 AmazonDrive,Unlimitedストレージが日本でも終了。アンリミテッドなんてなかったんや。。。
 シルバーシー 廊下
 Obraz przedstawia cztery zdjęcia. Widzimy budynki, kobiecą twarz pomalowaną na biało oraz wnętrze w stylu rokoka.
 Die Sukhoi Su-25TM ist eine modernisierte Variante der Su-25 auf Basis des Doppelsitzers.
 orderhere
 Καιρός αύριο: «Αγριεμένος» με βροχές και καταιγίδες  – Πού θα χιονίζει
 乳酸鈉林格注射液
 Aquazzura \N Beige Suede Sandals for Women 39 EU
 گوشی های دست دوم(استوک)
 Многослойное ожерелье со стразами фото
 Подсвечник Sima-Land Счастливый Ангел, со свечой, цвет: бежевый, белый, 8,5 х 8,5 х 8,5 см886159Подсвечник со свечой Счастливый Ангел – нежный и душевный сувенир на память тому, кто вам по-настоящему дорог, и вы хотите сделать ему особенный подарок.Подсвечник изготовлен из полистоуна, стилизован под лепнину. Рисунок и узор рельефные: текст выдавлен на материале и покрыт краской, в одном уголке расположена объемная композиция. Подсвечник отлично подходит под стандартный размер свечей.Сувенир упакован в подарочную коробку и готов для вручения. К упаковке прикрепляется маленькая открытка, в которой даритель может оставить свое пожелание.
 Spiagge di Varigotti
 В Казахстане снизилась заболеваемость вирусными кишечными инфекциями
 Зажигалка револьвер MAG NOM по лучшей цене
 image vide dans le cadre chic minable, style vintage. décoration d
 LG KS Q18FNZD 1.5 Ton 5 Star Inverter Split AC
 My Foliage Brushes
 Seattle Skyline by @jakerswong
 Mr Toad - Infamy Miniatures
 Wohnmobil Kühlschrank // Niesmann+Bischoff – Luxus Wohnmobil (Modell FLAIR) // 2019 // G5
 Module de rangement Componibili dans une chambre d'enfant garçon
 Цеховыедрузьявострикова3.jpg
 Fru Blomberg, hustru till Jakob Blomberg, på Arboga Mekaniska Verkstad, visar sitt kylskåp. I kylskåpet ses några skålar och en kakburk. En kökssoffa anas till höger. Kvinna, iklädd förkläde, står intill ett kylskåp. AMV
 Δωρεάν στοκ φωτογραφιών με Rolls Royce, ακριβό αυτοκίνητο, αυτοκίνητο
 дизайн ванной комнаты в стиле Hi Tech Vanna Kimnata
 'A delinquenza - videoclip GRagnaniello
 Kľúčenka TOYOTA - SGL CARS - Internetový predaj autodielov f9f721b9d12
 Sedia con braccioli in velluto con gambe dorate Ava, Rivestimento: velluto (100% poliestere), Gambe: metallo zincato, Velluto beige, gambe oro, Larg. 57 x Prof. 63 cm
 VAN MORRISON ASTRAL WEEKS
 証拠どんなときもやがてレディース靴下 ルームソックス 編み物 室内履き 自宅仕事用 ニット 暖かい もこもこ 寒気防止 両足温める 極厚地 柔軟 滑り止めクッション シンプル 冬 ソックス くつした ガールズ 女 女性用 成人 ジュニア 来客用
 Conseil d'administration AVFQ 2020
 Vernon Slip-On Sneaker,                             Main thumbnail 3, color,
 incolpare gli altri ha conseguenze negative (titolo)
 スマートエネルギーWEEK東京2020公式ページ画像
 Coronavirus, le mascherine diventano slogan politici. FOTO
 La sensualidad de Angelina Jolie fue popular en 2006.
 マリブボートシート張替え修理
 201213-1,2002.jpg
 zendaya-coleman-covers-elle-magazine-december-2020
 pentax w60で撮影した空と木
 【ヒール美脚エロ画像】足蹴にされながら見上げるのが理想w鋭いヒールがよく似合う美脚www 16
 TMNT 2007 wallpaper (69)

· · ·

» TRY IT
Once more, write out the records above, exactly as they stand.

» RESULT FOR THIS EXERCISE
 AmazonDrive,Unlimitedストレージが日本でも終了。アンリミテッドなんてなかったんや。。。
 シルバーシー 廊下
 Obraz przedstawia cztery zdjęcia. Widzimy budynki, kobiecą twarz pomalowaną na biało oraz wnętrze w stylu rokoka.
 Die Sukhoi Su-25TM ist eine modernisierte Variante der Su-25 auf Basis des Doppelsitzers.
 orderhere
 Καιρός αύριο: «Αγριεμένος» με βροχές και καταιγίδες  – Πού θα χιονίζει
 乳酸鈉林格注射液
 Aquazzura \N Beige Suede Sandals for Women 39 EU
 گوشی های دست دوم(استوک)
 Многослойное ожерелье со стразами фото
 Подсвечник Sima-Land Счастливый Ангел, со свечой, цвет: бежевый, белый, 8,5 х 8,5 х 8,5 см886159Подсвечник со свечой Счастливый Ангел – нежный и душевный сувенир на память тому, кто вам по-настоящему дорог, и вы хотите сделать ему особенный подарок.Подсвечник изготовлен из полистоуна, стилизован под лепнину. Рисунок и узор рельефные: текст выдавлен на материале и покрыт краской, в одном уголке расположена объемная композиция. Подсвечник отлично подходит под стандартный размер свечей.Сувенир упакован в подарочную коробку и готов для вручения. К упаковке прикрепляется маленькая открытка, в которой даритель может оставить свое пожелание.
 Spiagge di Varigotti
 В Казахстане снизилась заболеваемость вирусными кишечными инфекциями
 Зажигалка револьвер MAG NOM по лучшей цене
 image vide dans le cadre chic minable, style vintage. décoration d
 LG KS Q18FNZD 1.5 Ton 5 Star Inverter Split AC
 My Foliage Brushes
 Seattle Skyline by @jakerswong
 Mr Toad - Infamy Miniatures
 Wohnmobil Kühlschrank // Niesmann+Bischoff – Luxus Wohnmobil (Modell FLAIR) // 2019 // G5
 Module de rangement Componibili dans une chambre d'enfant garçon
 Цеховыедрузьявострикова3.jpg
 Fru Blomberg, hustru till Jakob Blomberg, på Arboga Mekaniska Verkstad, visar sitt kylskåp. I kylskåpet ses några skålar och en kakburk. En kökssoffa anas till höger. Kvinna, iklädd förkläde, står intill ett kylskåp. AMV
 Δωρεάν στοκ φωτογραφιών με Rolls Royce, ακριβό αυτοκίνητο, αυτοκίνητο
 дизайн ванной комнаты в стиле Hi Tech Vanna Kimnata
 'A delinquenza - videoclip GRagnaniello
 Kľúčenka TOYOTA - SGL CARS - Internetový predaj autodielov f9f721b9d12
 Sedia con braccioli in velluto con gambe dorate Ava, Rivestimento: velluto (100% poliestere), Gambe: metallo zincato, Velluto beige, gambe oro, Larg. 57 x Prof. 63 cm
 VAN MORRISON ASTRAL WEEKS
 証拠どんなときもやがてレディース靴下 ルームソックス 編み物 室内履き 自宅仕事用 ニット 暖かい もこもこ 寒気防止 両足温める 極厚地 柔軟 滑り止めクッション シンプル 冬 ソックス くつした ガールズ 女 女性用 成人 ジュニア 来客用
 Conseil d'administration AVFQ 2020
 Vernon Slip-On Sneaker,                             Main thumbnail 3, color,
 incolpare gli altri ha conseguenze negative (titolo)
 スマートエネルギーWEEK東京2020公式ページ画像
 Coronavirus, le mascherine diventano slogan politici. FOTO
 La sensualidad de Angelina Jolie fue popular en 2006.
 マリブボートシート張替え修理
 201213-1,2002.jpg
 zendaya-coleman-covers-elle-magazine-december-2020
 pentax w60で撮影した空と木
 【ヒール美脚エロ画像】足蹴にされながら見上げるのが理想w鋭いヒールがよく似合う美脚www 16
 TMNT 2007 wallpaper (69)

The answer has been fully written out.